From: Erik van Blokland <evb@knoware.nl>
Date: Fri, 23 Aug 96 15:04:58 +0200
Message-Id: <199608231303.PAA13084@kalvermarkt.denhaag.dataweb.net>
To: "Michael Bernstein" <michael@cascadilla.com>, "Michal Young" <young@cs.purdue.edu>, "w3" <www-font@w3.org>
>From:        Michael Bernstein, michael@cascadilla.com
>But I hate going bankrupt even more, and because
>I sell fonts to a very small academic market, a few hundred free copies
>of all of my fonts will not lead to thousands more sold later; it'll
>lead to a loss of most of my sales.

Good point. 

>> I'm very concerned about the erosion of perceived value in fonts.  That
>> destroys the market for future fonts.
Liam Quin:
>This (I think) is a common error.  If the price becomes 1/10th of today's
>prices, but you sell 1,000 times more, you will be very happy.

Though typefaces share the same fileformat, they do not represent the 
same value.

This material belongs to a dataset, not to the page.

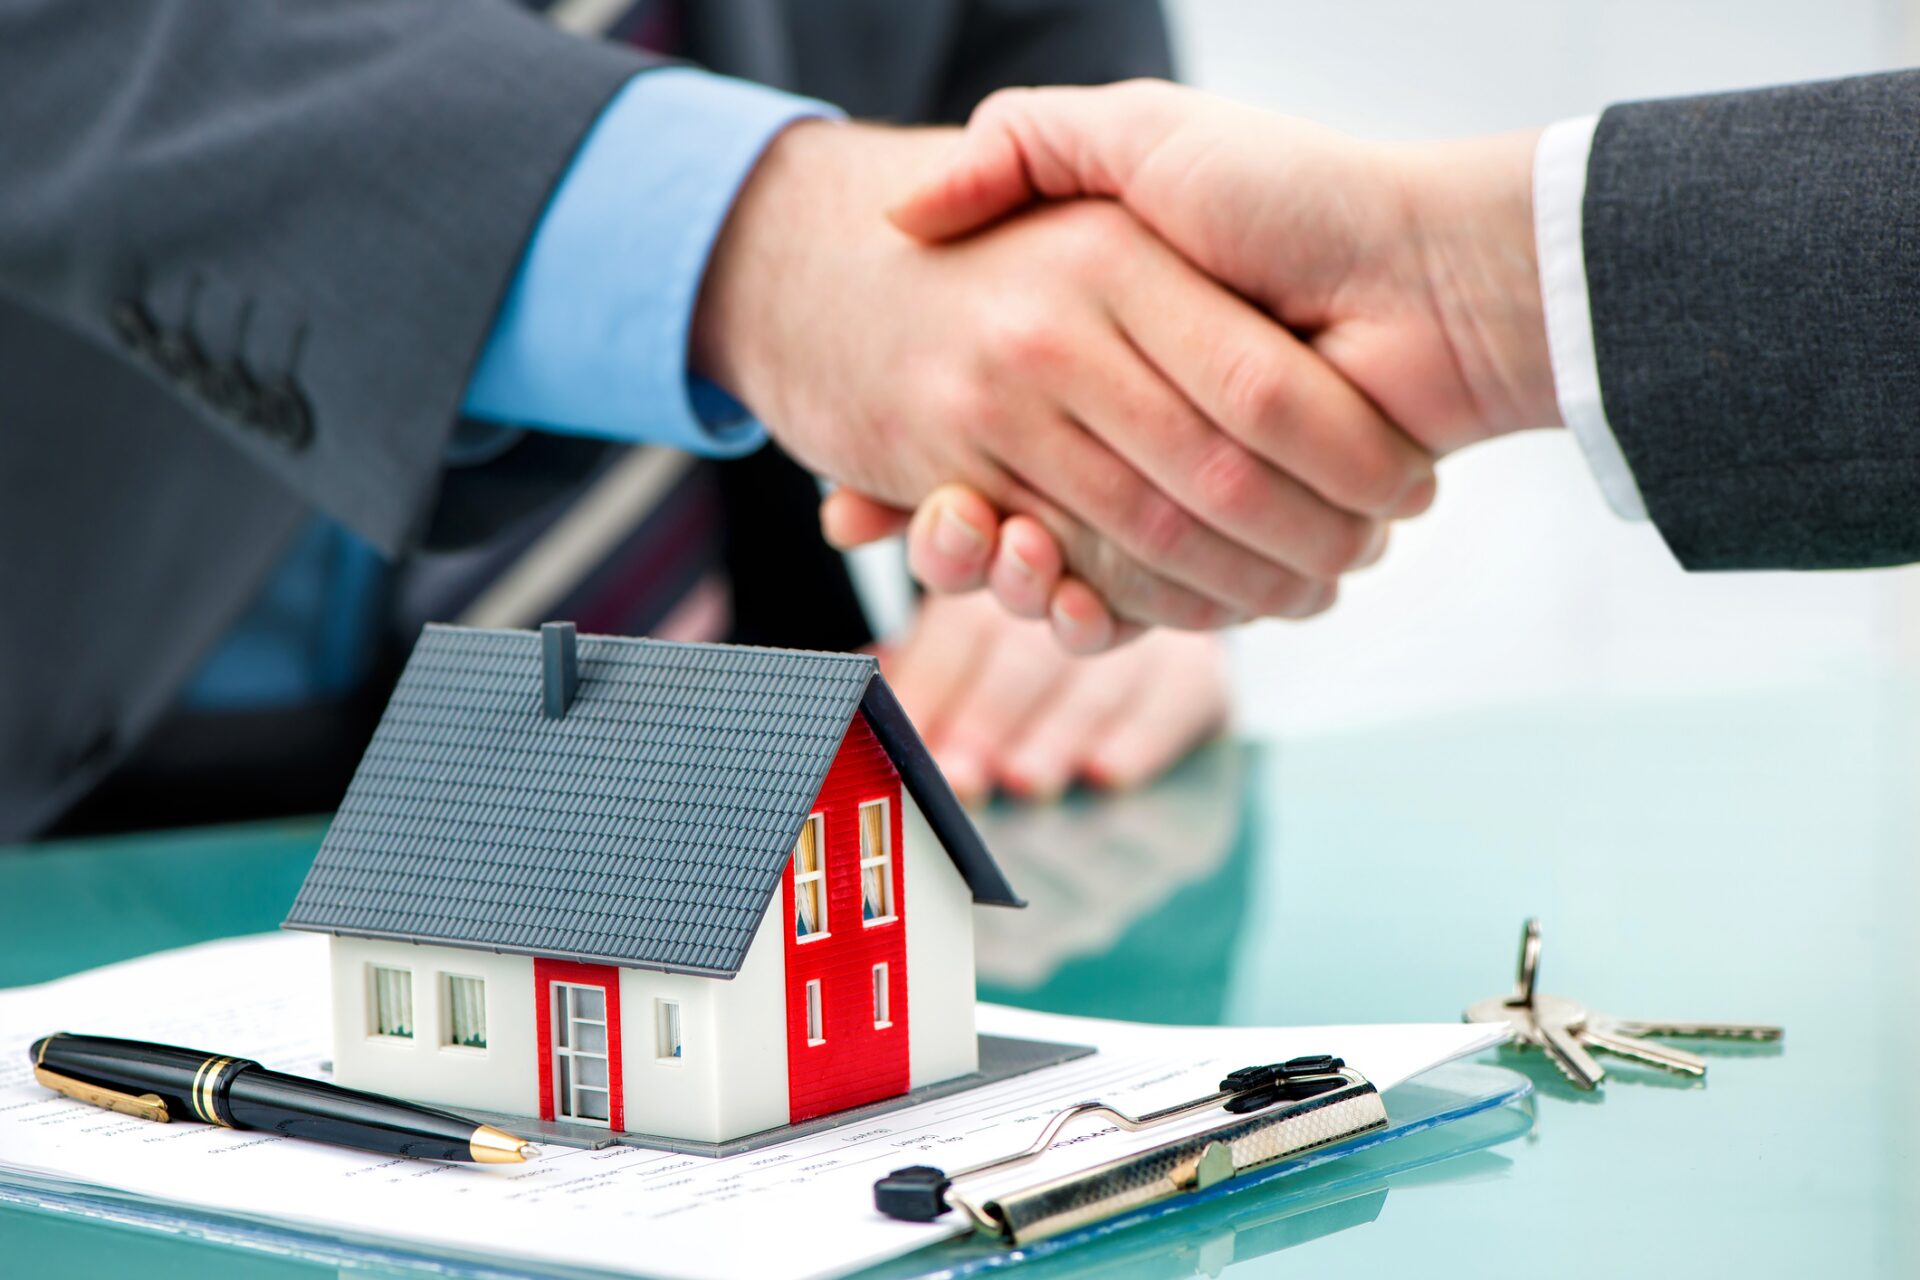 Whether you choose to sell your home or rent it out depends on your individual circumstances.

Lowering prices will not make fonts containing symbols of an 
long lost language sell more copies. It will just lower income.

Not all fonts are the same to all people. The world's best text face 
(Trinite) does not mean much to the people who buy SWFTE fonts. Should 
the price then be lowered as to accomodate them? Of course not. Will a 
cheap Trinite sell more copies? Possibly to the people who were going to 
buy it anyway, but not many others. 
Price and number of sales are not necessarily related, only with 
comparable products from competing companies (Adobe's version Frutiger is 
cheaper than Linotype's). Marketing, quality and exposure to piracy do 
influence prices. 
(Income and happiness are of course always related.:)

Considering that the quality of a typeface does not change much once it's 
been created, the only way to increase revenue would be increasing 
marketing efforts (more ads sell more fonts, regardless of price 
category) or to lower the risk of exposure to piracy. Only if the usage 
of type can be monitored more closely can prices be lowered.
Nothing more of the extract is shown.